* [INPUT FOR THIS TASK]
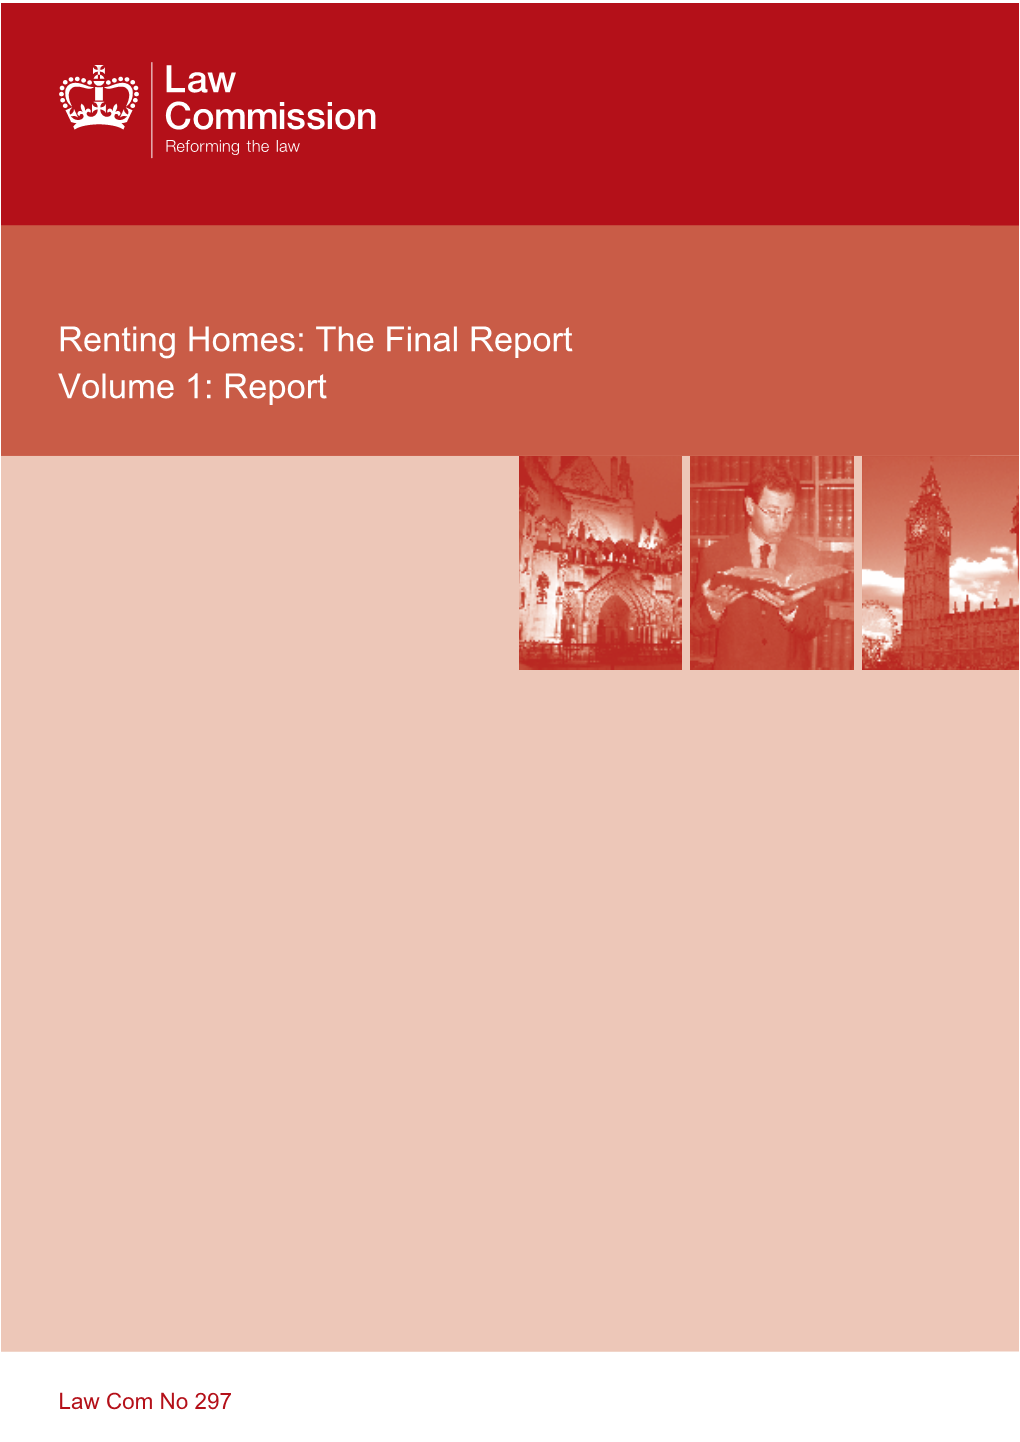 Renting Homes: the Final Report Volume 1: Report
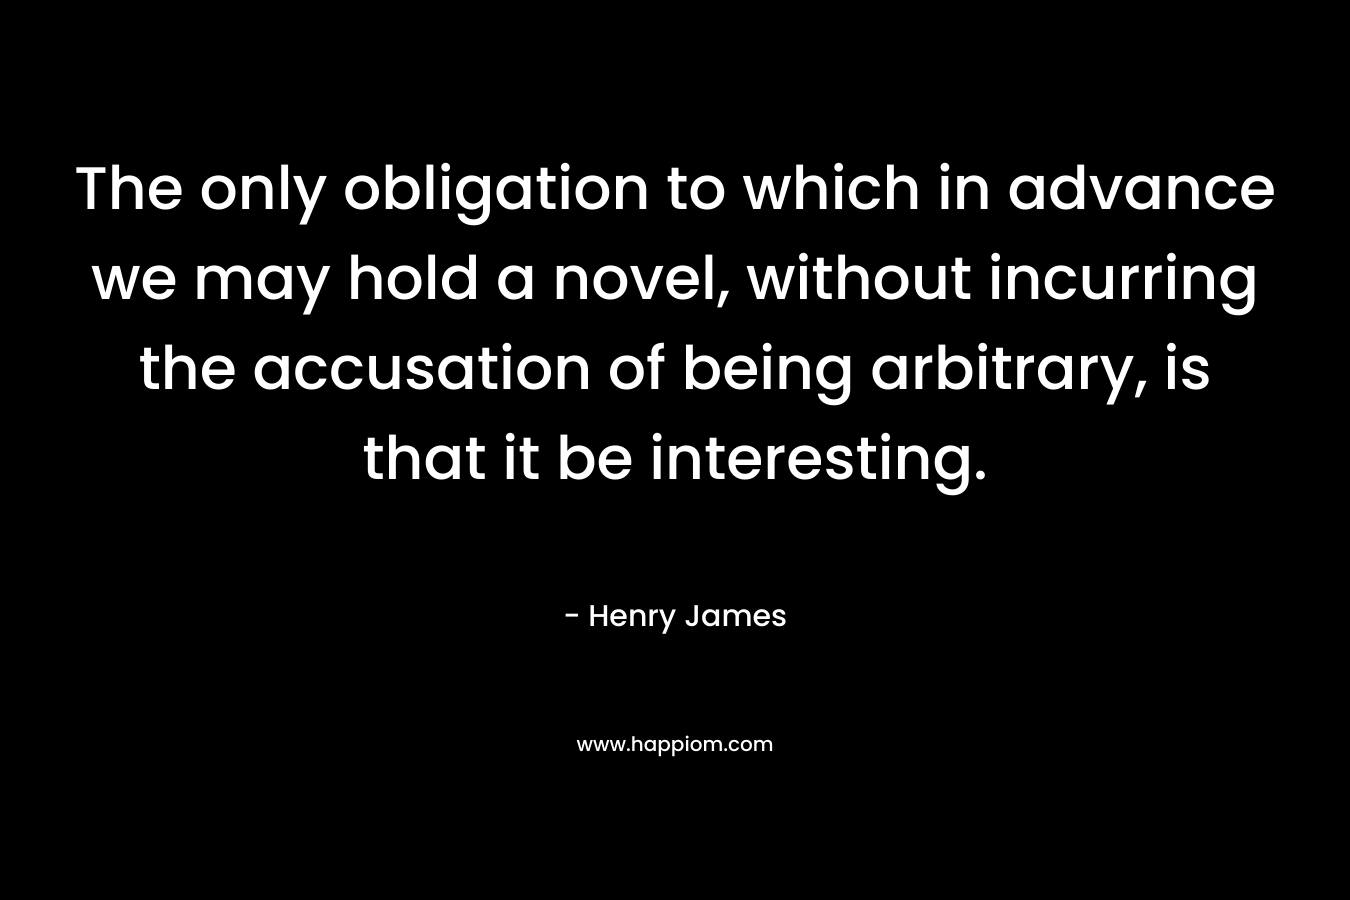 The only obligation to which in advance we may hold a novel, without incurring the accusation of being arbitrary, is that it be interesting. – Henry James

--

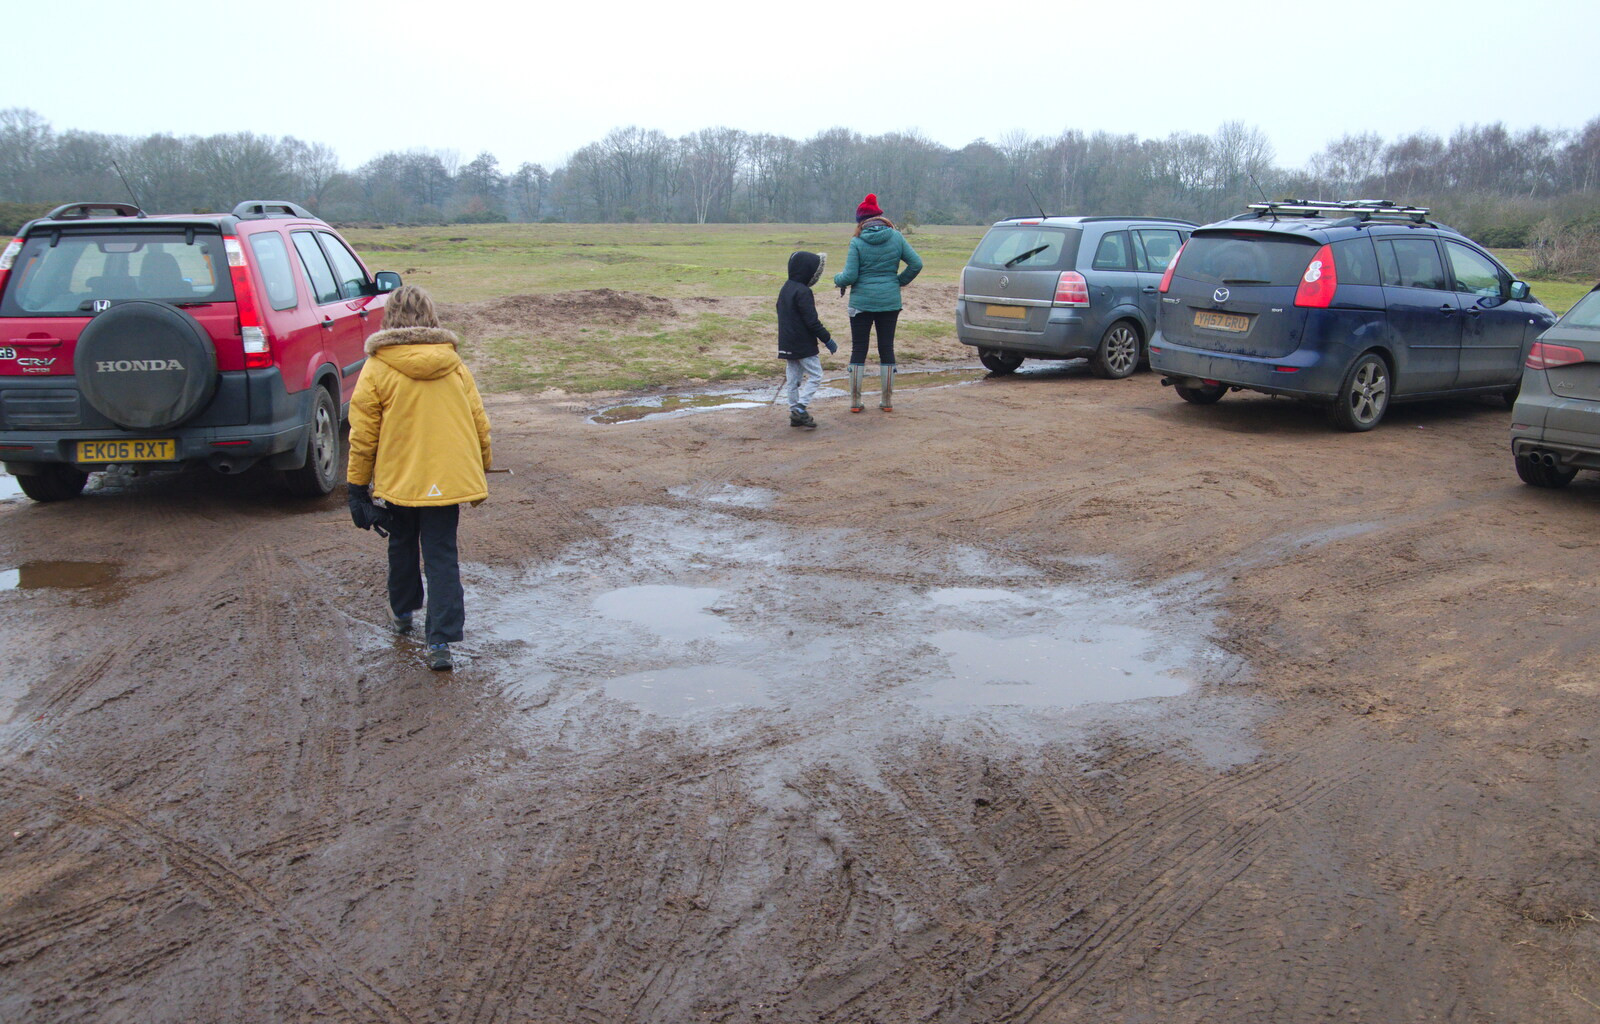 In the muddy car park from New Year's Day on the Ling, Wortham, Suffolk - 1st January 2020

* [TASK TO COMPLETE]
Range to print from the listing above: from the line with "Renting Homes: the" up to and including the line with "The only obligation". Please print those lines exactly, with no pictures and nothing more.

* [ANSWER SPACE]
 Renting Homes: the Final Report Volume 1: Report
 The only obligation to which in advance we may hold a novel, without incurring the accusation of being arbitrary, is that it be interesting. – Henry James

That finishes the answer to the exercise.